Apparently she called you for reassurance that it was okay to be a tomboy (it is!) and is using that to suggest her trans son is a girl. Which is not your fault, but be aware that you shared her follow-up piece today and she's being VERY transphobic. I have a long thread on it I read your book, btw, and liked it! So I reached out to you because I don't think you deserved to be quoted by this person. Her continued articles in various publications INSISTING that her son isn't trans is SUPER harmful and gross. I'm sorry you were quoted.
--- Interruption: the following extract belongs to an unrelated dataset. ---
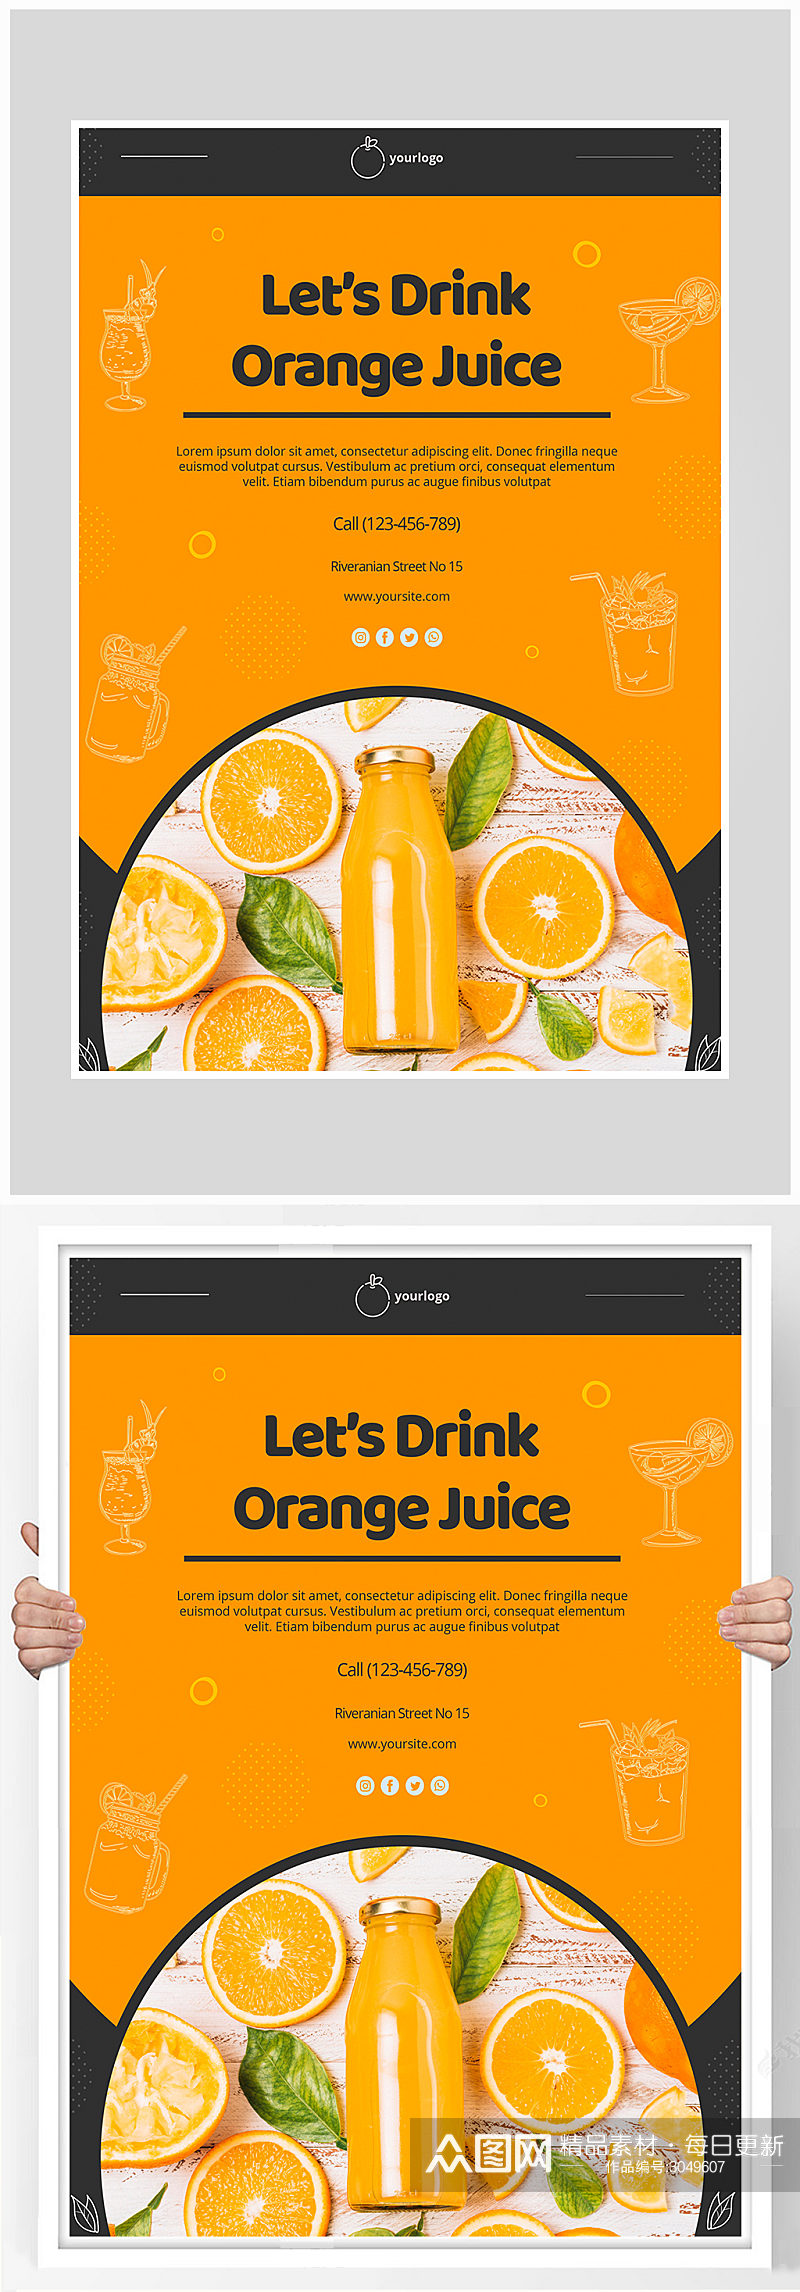 唯美简约橙汁饮料海报设计素材

@peggyorenstein: Oh, it breaks my heart to hear that, but I will read all about it. Sigh.

Thank you, truly. I appreciate it. And I very much liked your book. Also, I'm open to questions but I wanted to share this, with love. They're "trans kids" (adjective noun), not "transkids" (othering noun). Thank you!

@peggyorenstein: Thank you for that. Learning.

I really appreciate it SO much. Thank you, thank you, thank you.

@peggyorenstein: If he's a boy, he's a boy, totally agree. If she's a girl in a tie, ok. If she's a boy in a skirt, also ok as long as it's child's decision.

CURRENT STATUS: So very happy Peggy is nice and didn't know she was being interviewed by a transphobe. *relief* tfw a famous author actually thanks you for talking to them about trans things. I'm actually crying. Thank you.

[Now back to the Parenting.com article: Here is where we find out that the child has said directly that he is a boy, has asked for "boy" clothes to wear, and is only allowed to wear those clothes if he wears "girl" clothes he hates (i.e., skirts and dresses, which his mother describes as "lovely" and which he does not want to wear). He also apparently has to wear "girl" clothes to school so that his peers and the other students will not ask his gender identity, which the author notes is painful to her when it happens.]

[This act of forcing a child to dress in feminine articles of clothing he doesn't want to wear is both cruel and undermines the whole "tomboy" and "gender non-conforming" points the author is trying to make in order to support her continued campaign of misgendering her son. She is forcing her child to wear skirts because she wants the child to conform to his assigned-at-birth gender. This is not a pro-tomboy, pro-feminism situation being described here.]

Fuck, this article is so garbage it actually hurts to read. I can't take it apart piece by piece like I usually do. Just. Avoid. Ouch. I will just say that the article says her child has DIRECTLY announced he's a boy. And, if that is so, I believe him.

no, fuck it, I'm going to go through this disgusting article.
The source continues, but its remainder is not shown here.